Example 1: Multi-Turn Chatbot — Where SGLang Shines

Imagine building a customer support chatbot. The system prompt contains hundreds of tokens of company policies, product information, and service guidelines. Without caching, as a user continues the conversation, the entire growing context must be prefilled from scratch every turn. By the 10th turn, the accumulated prefill cost is dramatically higher than turn 1.

python
# SGLang multi-turn chatbot — OpenAI-compatible API approach
from openai import OpenAI
 
client = OpenAI(base_url="http://localhost:30000/v1", api_key="EMPTY")
 
SYSTEM_PROMPT = """
You are a customer support specialist for TechCorp.
[Company Policy ~200 tokens...]
[Product Information ~300 tokens...]
[Service Guidelines ~150 tokens...]
"""  # ~650 tokens total
 
def chat(history: list, user_input: str) -> str:
    messages = [{"role": "system", "content": SYSTEM_PROMPT}]
    messages.extend(history)
    messages.append({"role": "user", "content": user_input})
 
    response = client.chat.completions.create(
        model="meta-llama/Meta-Llama-3-8B-Instruct",
        messages=messages,
        max_tokens=256
    )
    return response.choices[0].message.content
 
# As conversation history accumulates, the range reused from the radix tree grows automatically
history = []
for user_input in user_messages:
    response_text = chat(history, user_input)
    history.extend([
        {"role": "user", "content": user_input},
        {"role": "assistant", "content": response_text}
    ])
Conversation Turn KV Pages Reused Tokens Subject to Prefill
Turn 1 0% Everything (system prompt + user message)
Turn 2 System prompt + turn 1 history New user message only
Turn 5 System prompt + turns 1–4 history New user message only
Turn N Entire accumulated history New user message only

The more concurrent users sharing the same system prompt, the more the system prompt node in the radix tree is shared. In this scenario, a cache hit rate of 75–95% is a realistic target.

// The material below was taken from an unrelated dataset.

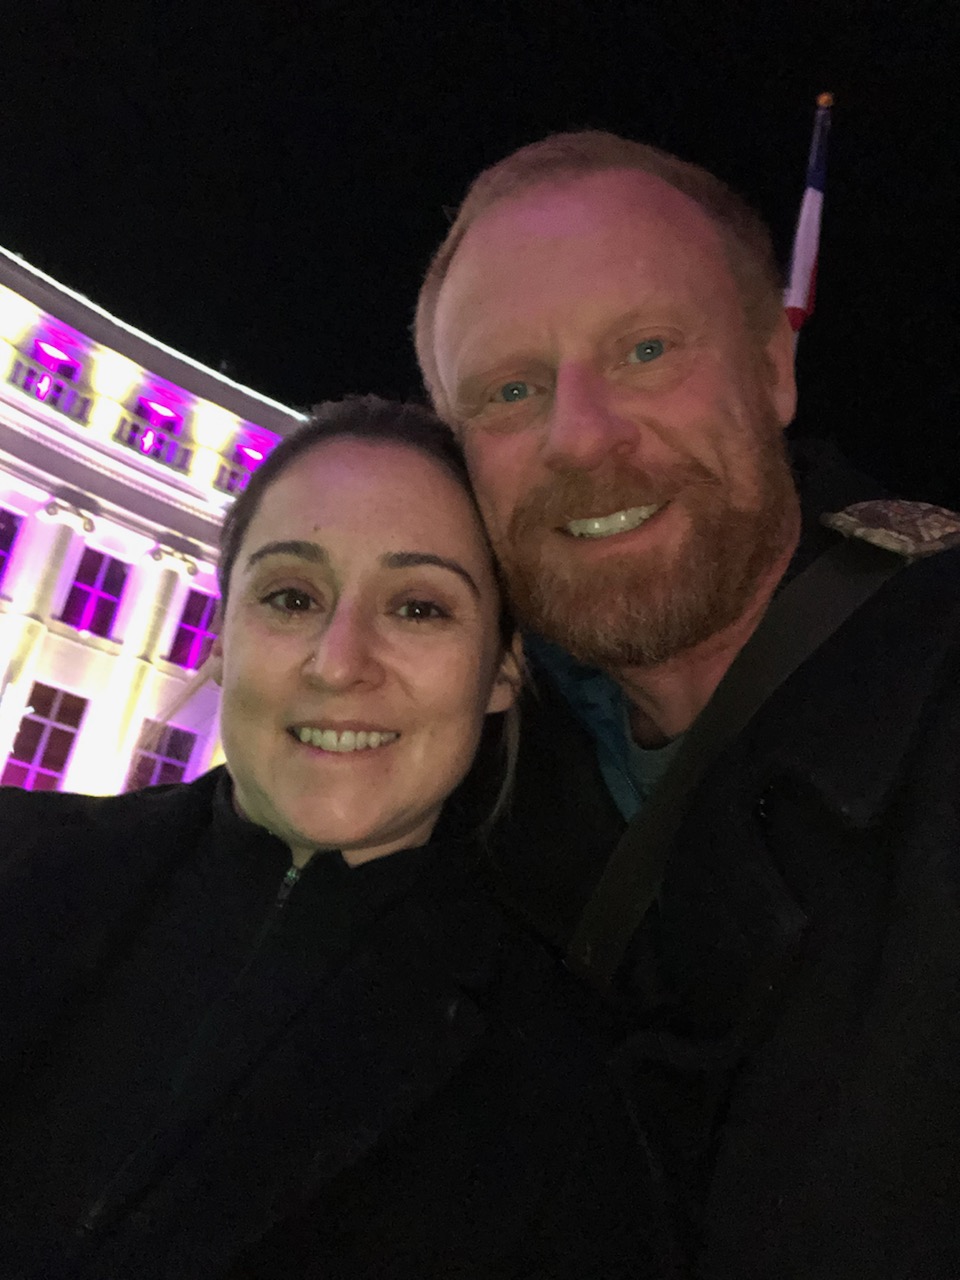 Angie and Kevin Hento in front of a White House with purple lights

Example 2: RAG Pipeline — Reusing Document Context

In RAG, retrieved document chunks occupy the front of the prompt. It's common for the same documents to be retrieved repeatedly across different questions — a pattern that pairs well with prefix caching.

python
# RAG + SGLang: cache-friendly prompt construction
from openai import OpenAI
 
client = OpenAI(base_url="http://localhost:30000/v1", api_key="EMPTY")
 
def rag_query(retrieved_docs: list[str], question: str) -> str:
    # Place retrieved documents at the front of the system message — maximizes cache reuse
    context = "\n\n".join([f"Document {i+1}: {doc}" for i, doc in enumerate(retrieved_docs)])
 
    response = client.chat.completions.create(
        model="meta-llama/Meta-Llama-3-8B-Instruct",
        messages=[
            {"role": "system", "content": f"Please answer the question based on the following documents:\n\n{context}"},
            {"role": "user", "content": question}
        ],
        max_tokens=512
    )
    return response.choices[0].message.content
 
# fetch_document() is a function you implement to suit your environment
popular_doc = fetch_document("python-docs-chapter3")
 
results = [
    rag_query(retrieved_docs=[popular_doc, doc_b], question=q)
    for q in questions  # The popular_doc portion is automatically reused from the radix tree
]

Cache-friendly prompt design: Frequently repeated context (system prompts, documents, tool definitions) should always be placed at the front of the prompt. If variable content like usernames or timestamps comes first, the entire long system prompt that follows will be a cache miss.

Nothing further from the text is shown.